I'm not even seeing $8500 worth! v/r Shawn


----------



## PCHiggin (Apr 10, 2012)

bikewhorder said:


> I never did call but now there's some pics, I'm not seeing the $18,500 worth of bikes in there though.  http://maine.craigslist.org/bik/2947372271.html
> 
> I have actually talked the this guy before though, a few years ago he posted his pics on CL with his blogspot site http://newenglandbarnfinds.blogspot.com/  He did seem to find some pretty cool stuff and a closer inspection of the pics reveals at least one promising bike right behind the yellow cannondale.




LOL!! No kidding! I'm only seeing a lot of trash day treasures.I used to get those rolling again and give them to my nephews.


----------



## PCHiggin (Apr 10, 2012)

*Ditto..*



Springer Tom said:


> I used to have that problem, that's why she's my ex-wife..............




Got rid of that problem 6 years ago.Funny how getting cleaned out financially can actually improve ones quality of life,LOL!!


----------



## vw00794 (Apr 11, 2012)

jd56 said:


> Shawn, I agree with you as to the email responses.
> I do clearly indicate that "if you use the CL email system in response, please include this keyword in the subject line". Rarely do the mails responses have this keyword. So, now I give my google phone number. But, rarely get a call. I probably am priced too high to get a response. I too indicate "No emails due to the scammers" now in my listings.
> 
> But, seeing that I'm one of those hen pecked husbands that PC mentioned, I list the bikes high priced because, I really don't want to sell it but, money talks and you never know.
> The listings is for peace at home as the wife thinks I need to sell some of the collection....shhhhh her she comes, I got to go...."what sweetie, no I'm not on the bike porn again, I'm just listing another of the bikes on CL again...."




Now thats funny.


----------



## Ray (Apr 14, 2012)

So, anyone fork over the $18,500 yet?


----------



## partsguy (Apr 14, 2012)

Freqman1 said:


> I am not disagreeing regarding the business side of this but I am not running a business--this is a hobby to me and I don't like dealing with the part that isn't fun! v/r Shawn




You said it!

I local guy who owned a shop in Dayton wanted to buy my Hercules, Columbia, Schwinn, Giant, and my entire hoarde of parts that I don't need. All for $200 and I couldn't say "SOLD!" fast enough. Well, the guy quickly turned into a tire kicker, coming up with excuses. Lastly he tried to pull a fast one and he said he thought I was going to bring the stuff. BULLpoop! I'm not dismantling all of those bikes, packing all those parts and spending two hours at least of my time loading that stuff up. Not counting the miles and gas in my car and my dads! IF YOU WANT IT YOU COME AND GET IT!

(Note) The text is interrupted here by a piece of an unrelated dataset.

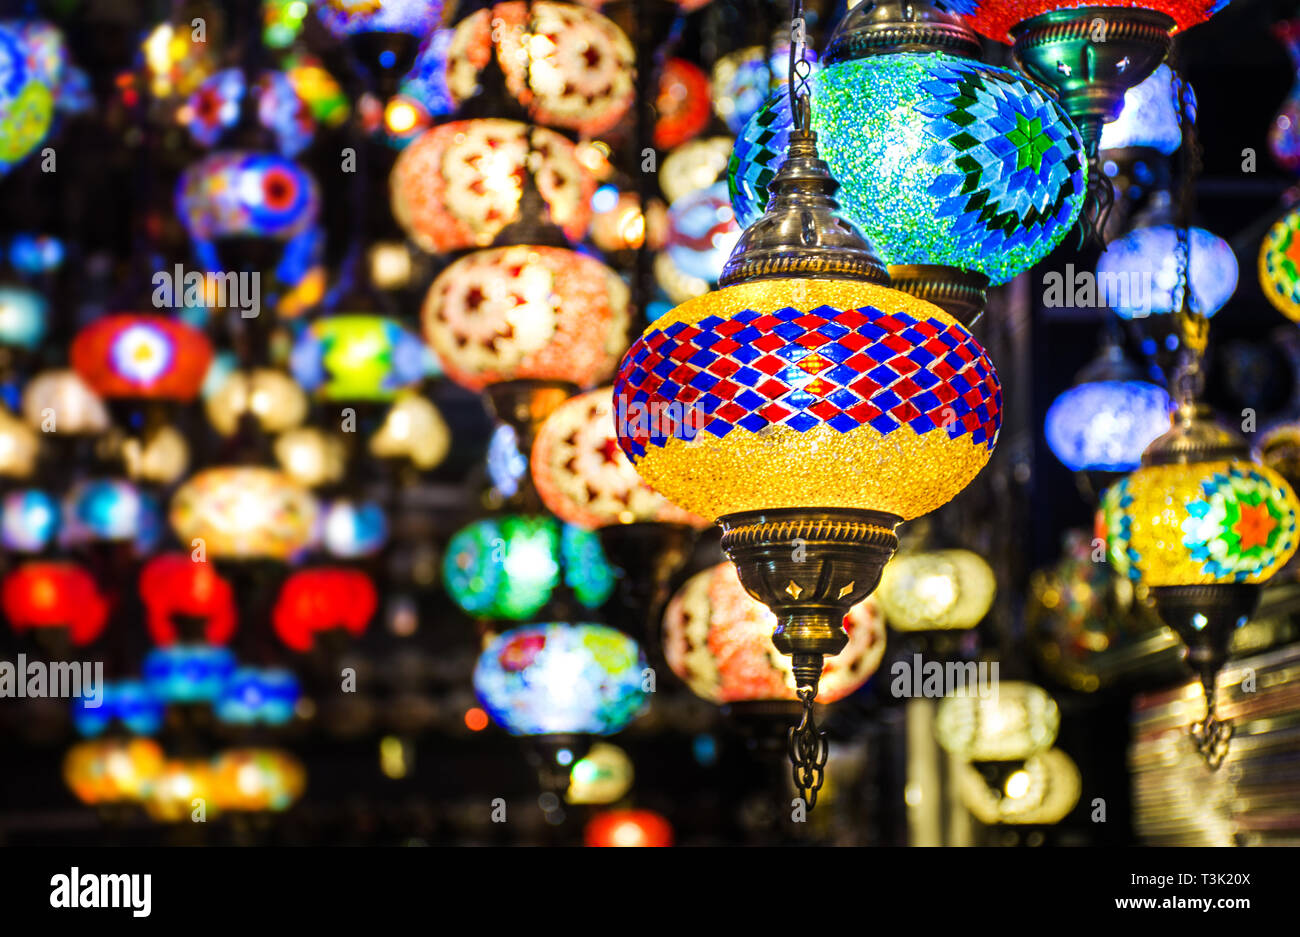 Schönen traditionellen Ramadan Licht Lampe mit unscharfen Hintergrund - Schuß von Dubai Spice Souk, berühmte tourkish Licht, Platz in Dubai - VAE Stockfoto

Some people need to know that not everybody has time waste. So I'm now parting out the bikes and scrapping the frames along with anything else I think I won't sell. Its going to be a very slow process and I got only two things listed on eBay today. A set of Colson hardware and a lot of vintage model car parts.


----------



## Uniblab (Apr 15, 2012)

The thing about group packages such as this is that they're generally filled with less desirable models with just a few nice ones. This is often how someone gets rid of all the clunkers "If you want the nice ones you have to take everything"

While this is in the seller's mind is a good way to unload the problem children and is theoretically the quickest way to make a transaction, it seldom actually works out that way.

Reasons being that few people have the wherewithal to make large purchases as this, the hassles with logistics tend to turn off the majority of buyers. For these reasons the price actually should be much lower than usual. Can't you just see those American Nose Picker guys going in there and after saying all those nice things, offering him $4,000 because of their overhead in transporting them yada yada yada?

When it comes to CL ads I never put my phone number as you'll get a call at 3:30 AM from some fool in Timbuktu who doesn't have enough neural activity to tie his own shoelaces. I can weed out a scam in .0002 nanoseconds, tire kickers are tougher though, and you'll end up with them regardless of whatever you say or do. Requesting that they change the subject line to something you specify seldom works as some people either overlook that or aren't computer savvy enough. I just tell them on phone in a nice but stern way that I'm serious about selling so I need them to be serious about buying.


----------



## bikewhorder (Sep 14, 2012)

*He Died*

http://www.auctionsamerica.com/events/all-lots.cfm?SaleCode=TB12


----------



## Codynobi (Sep 15, 2012)

I miss my Vintage Cloud Sports Bike... Does Anyone own one.. I would love to buy one... No problem for payment, if the bike is still good enough to ride some more years...

My name is Cody Laughlin and i'm an avid real estate investor from the Houston Market.


----------



## Freqman1 (Sep 15, 2012)

I kept hoping as I was paging through that I would get to the good stuff. Mostly a bunch of crap and not even close to $18k worth. He did have some nice antiques though. V/r Shawn


----------